== TASK TO CARRY OUT ==
All of the data is to be printed exactly, though the images must be left off.

== DATA BELOW ==

--- START ---

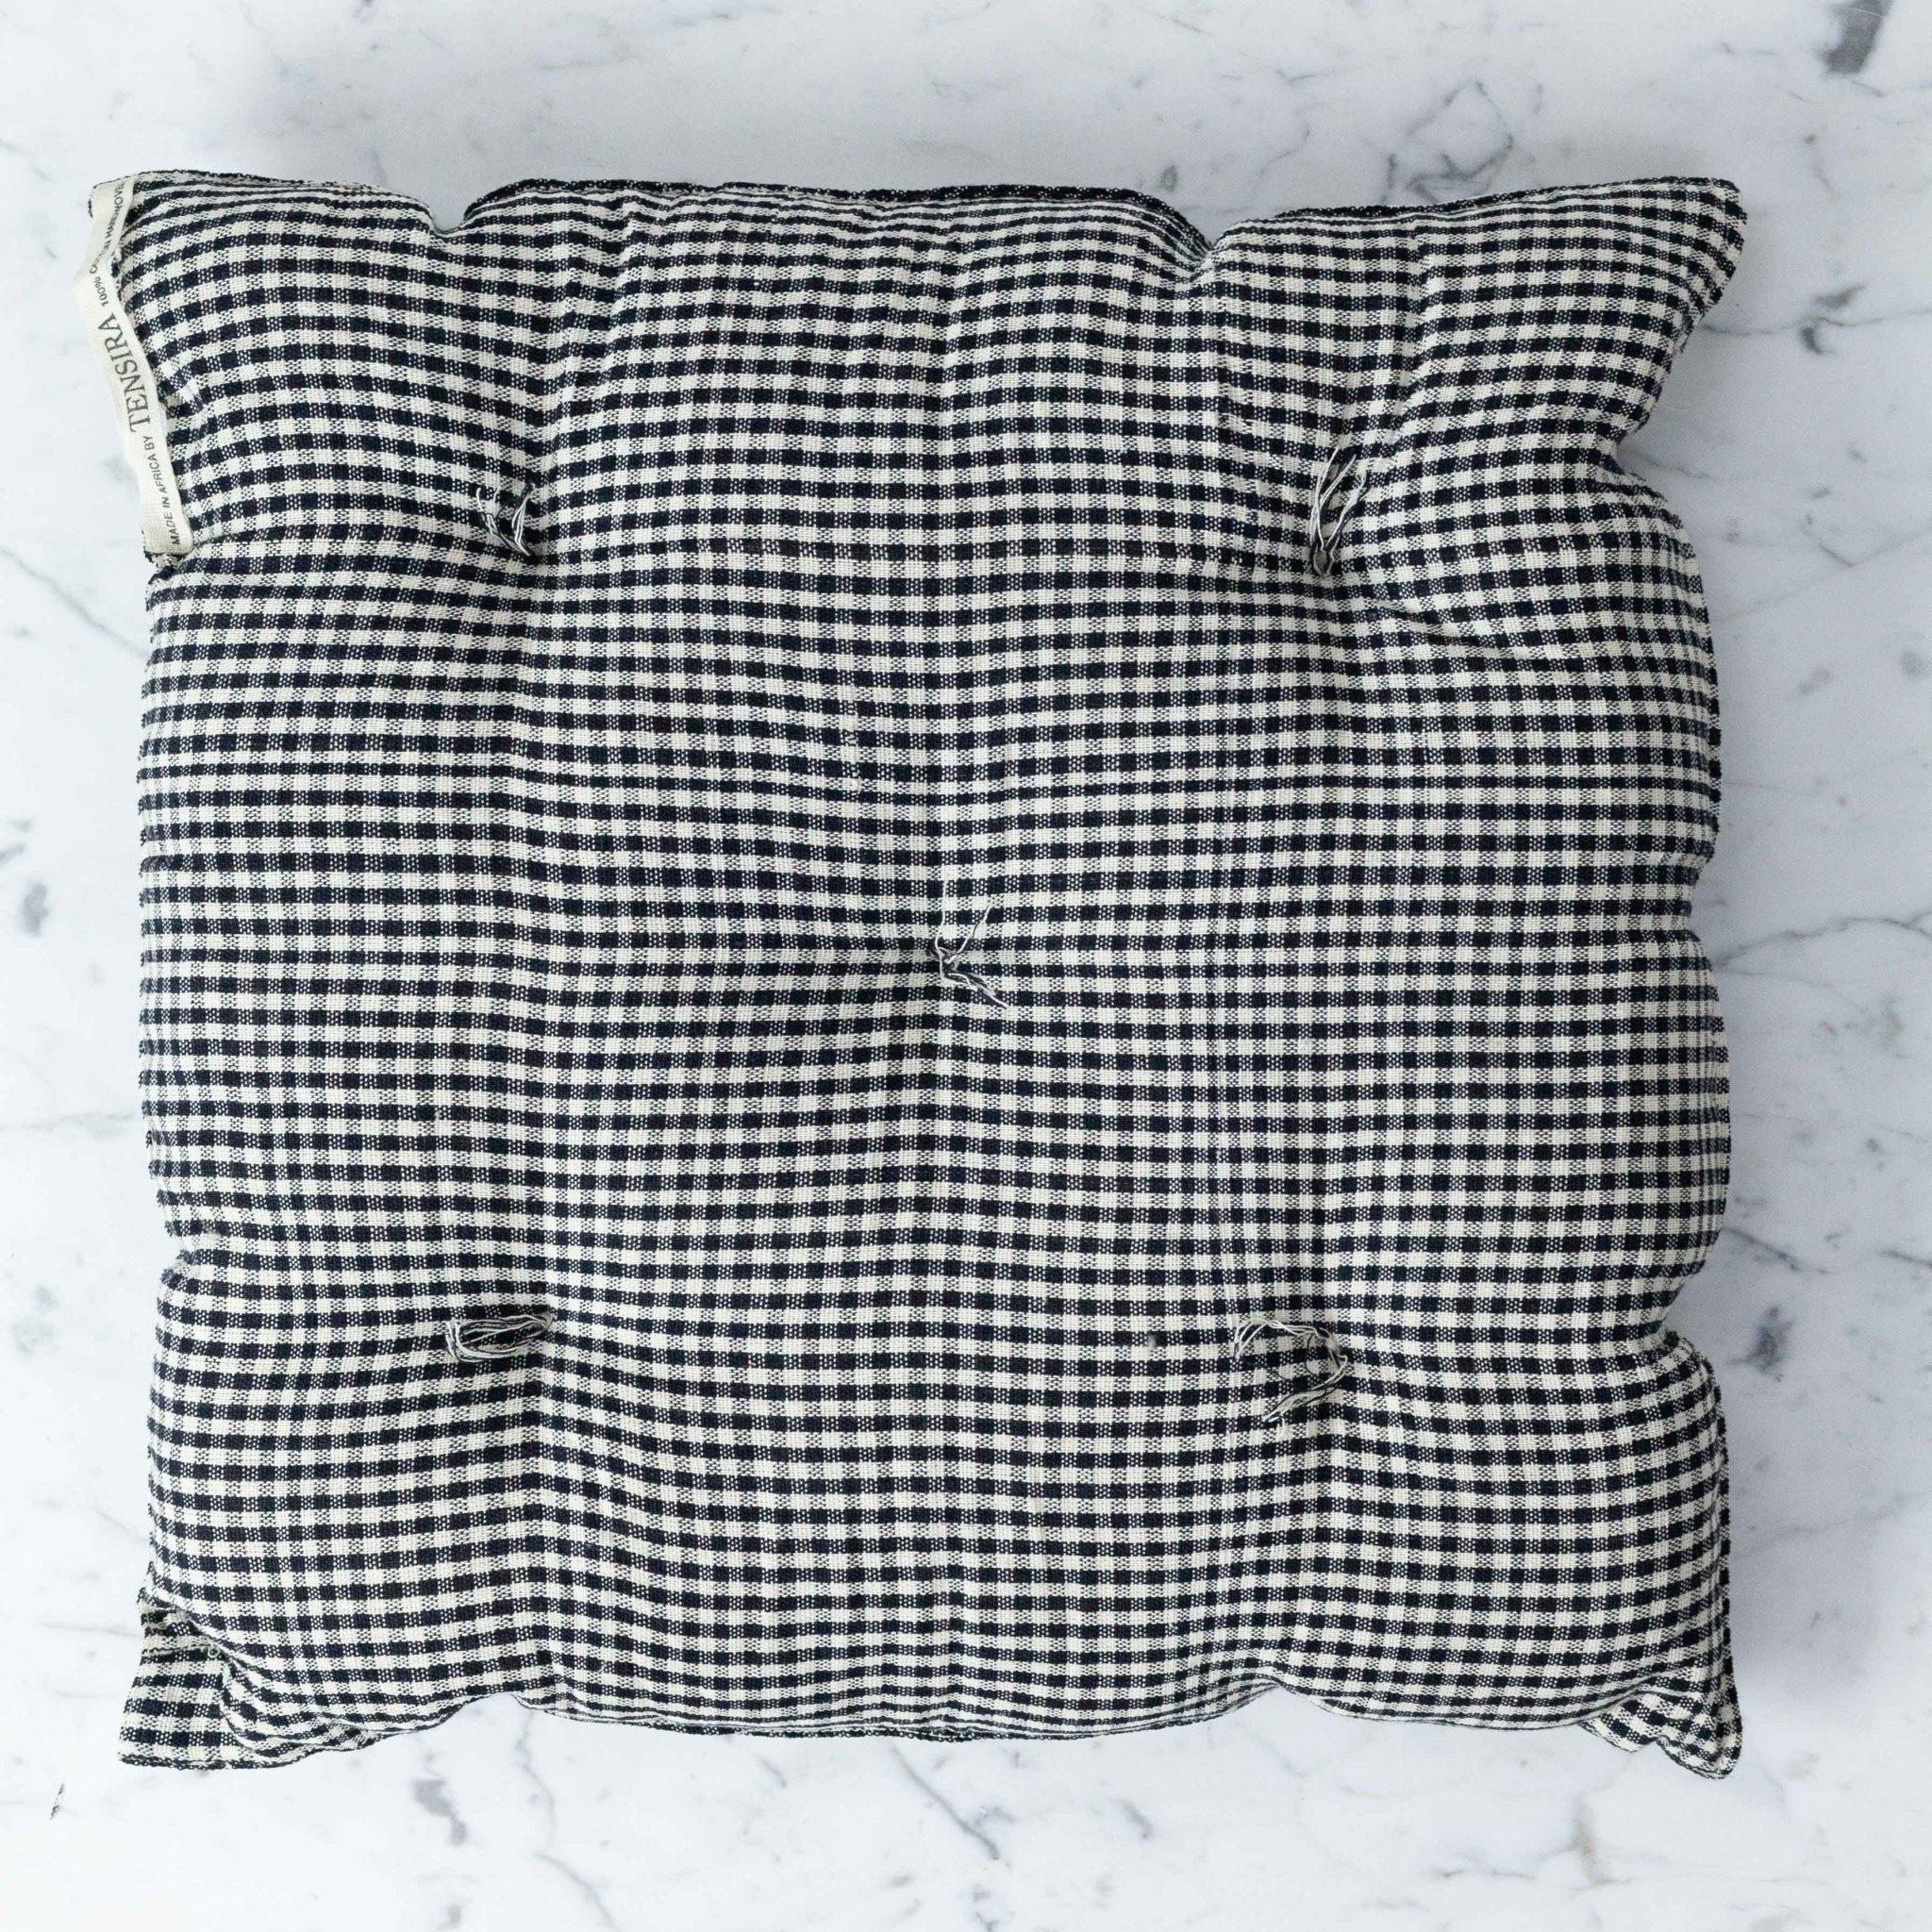 TENSIRA Handwoven Cotton Chair Cushion - Black + White Gingham - 16 x 16 inch
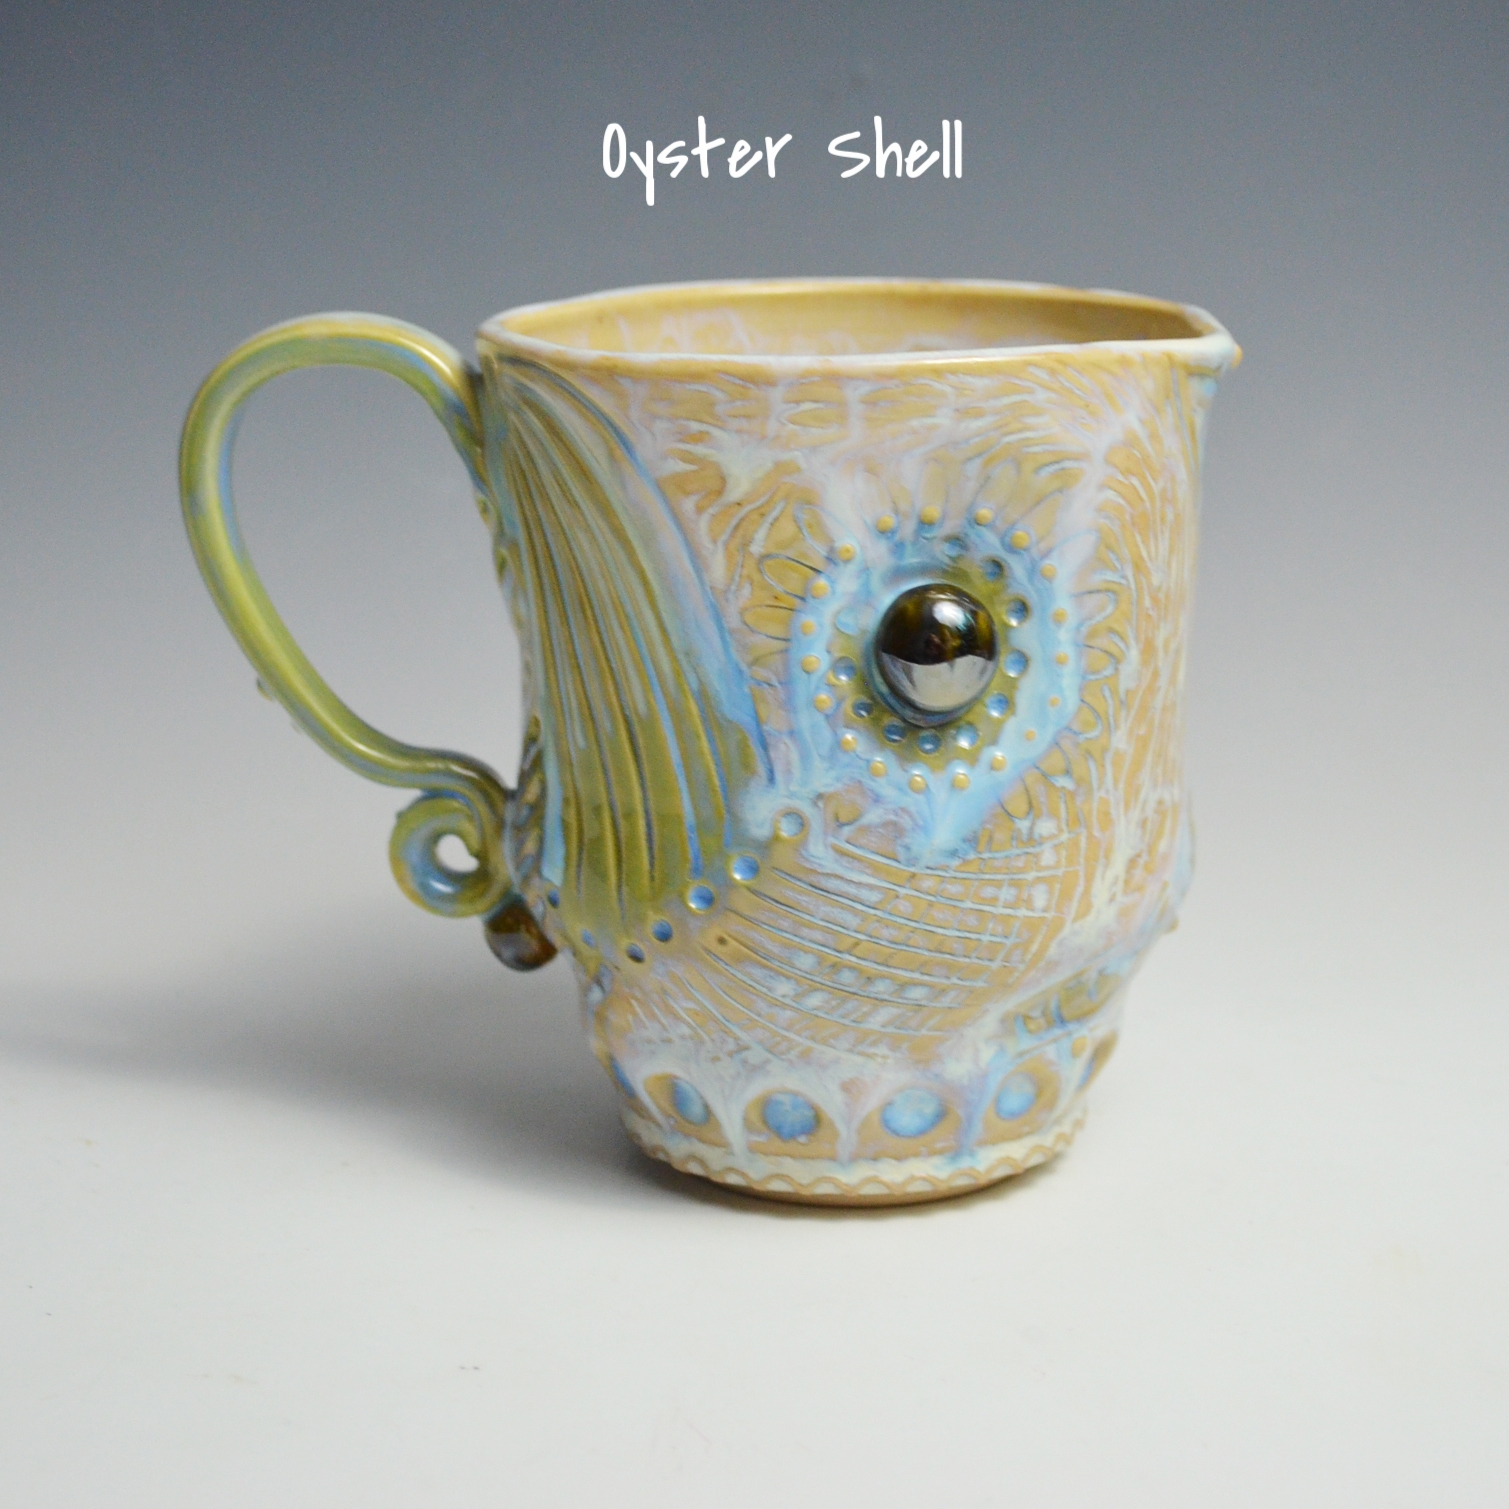 2595 - Oyster Shell.JPG
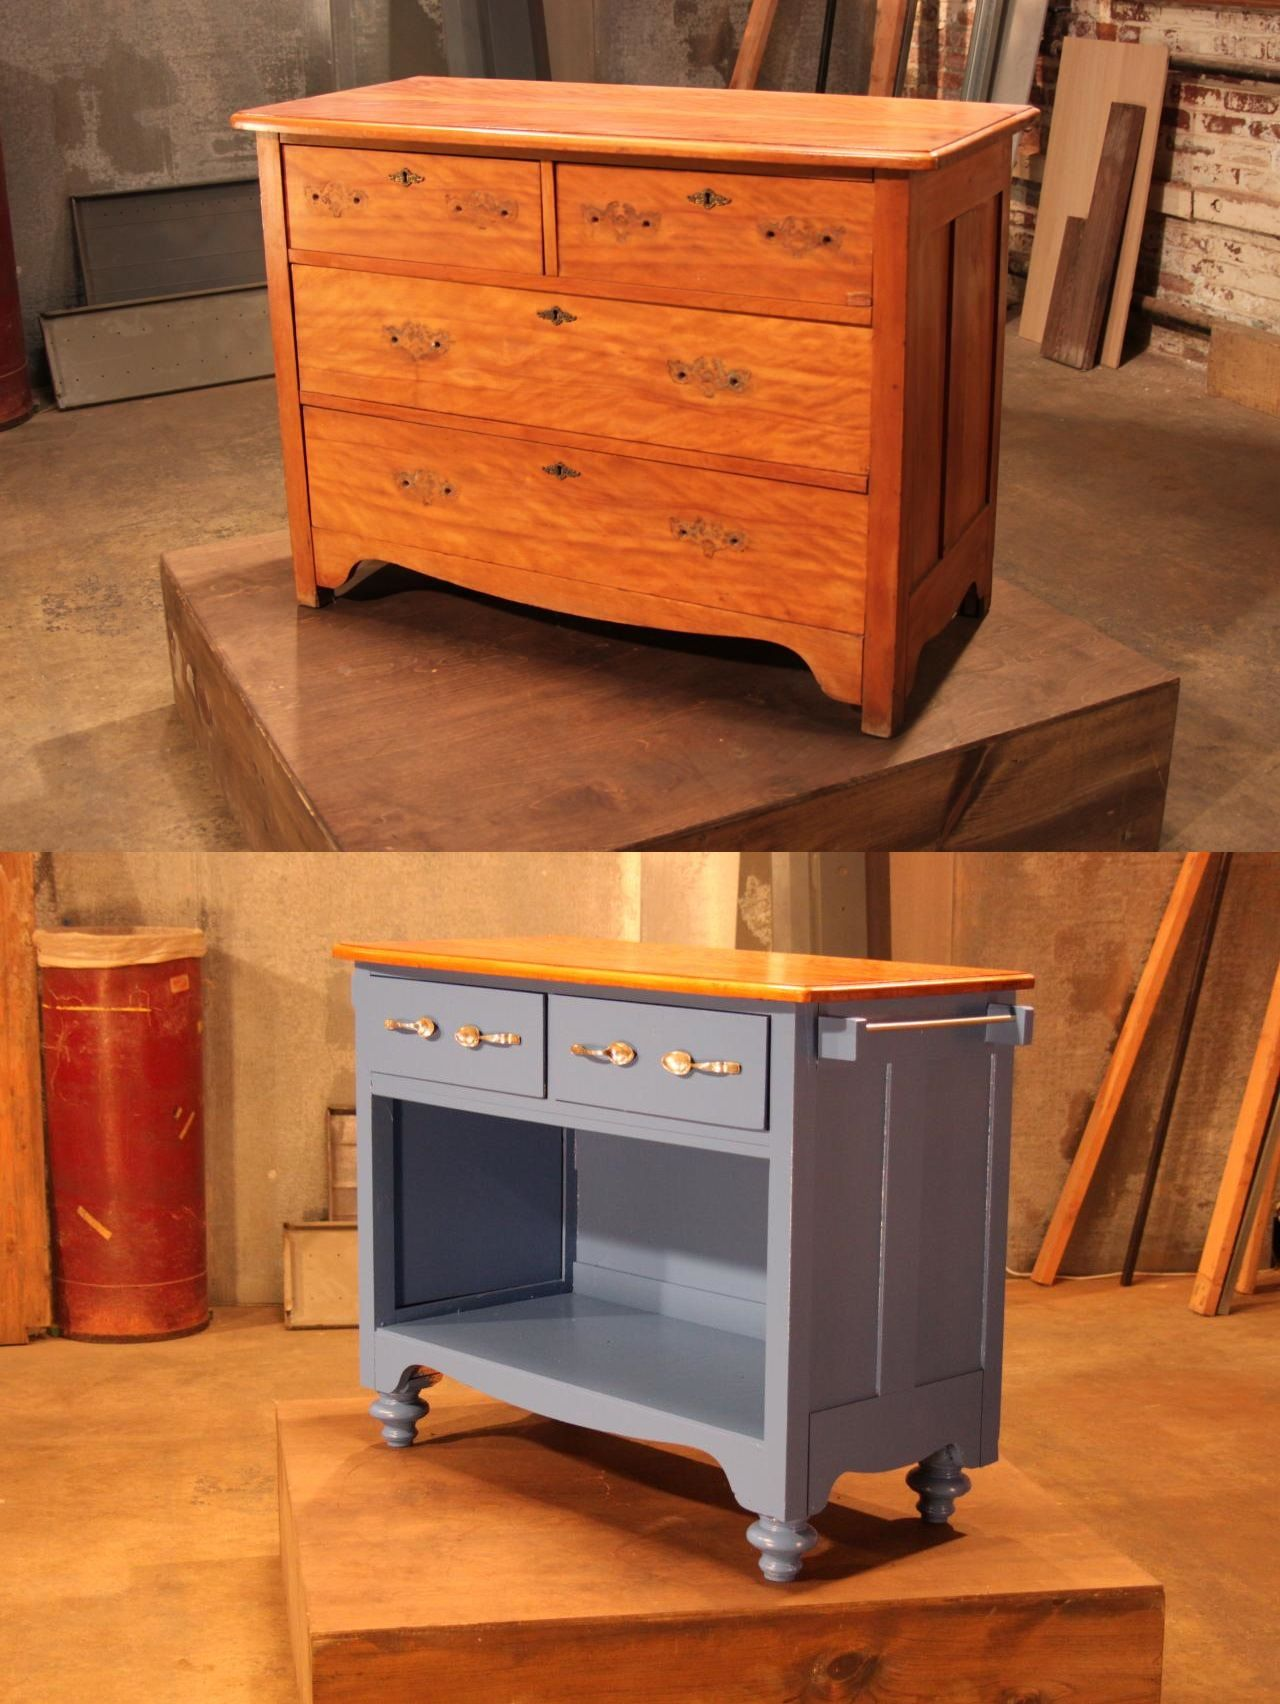 Dresser Repurposed As Kitchen Island Muebles  Pinterest Interesting Affordable Kitchen Islands Inspiration

--- END ---

== WRITTEN ANSWER ==
 TENSIRA Handwoven Cotton Chair Cushion - Black + White Gingham - 16 x 16 inch
 2595 - Oyster Shell.JPG
 Dresser Repurposed As Kitchen Island Muebles  Pinterest Interesting Affordable Kitchen Islands Inspiration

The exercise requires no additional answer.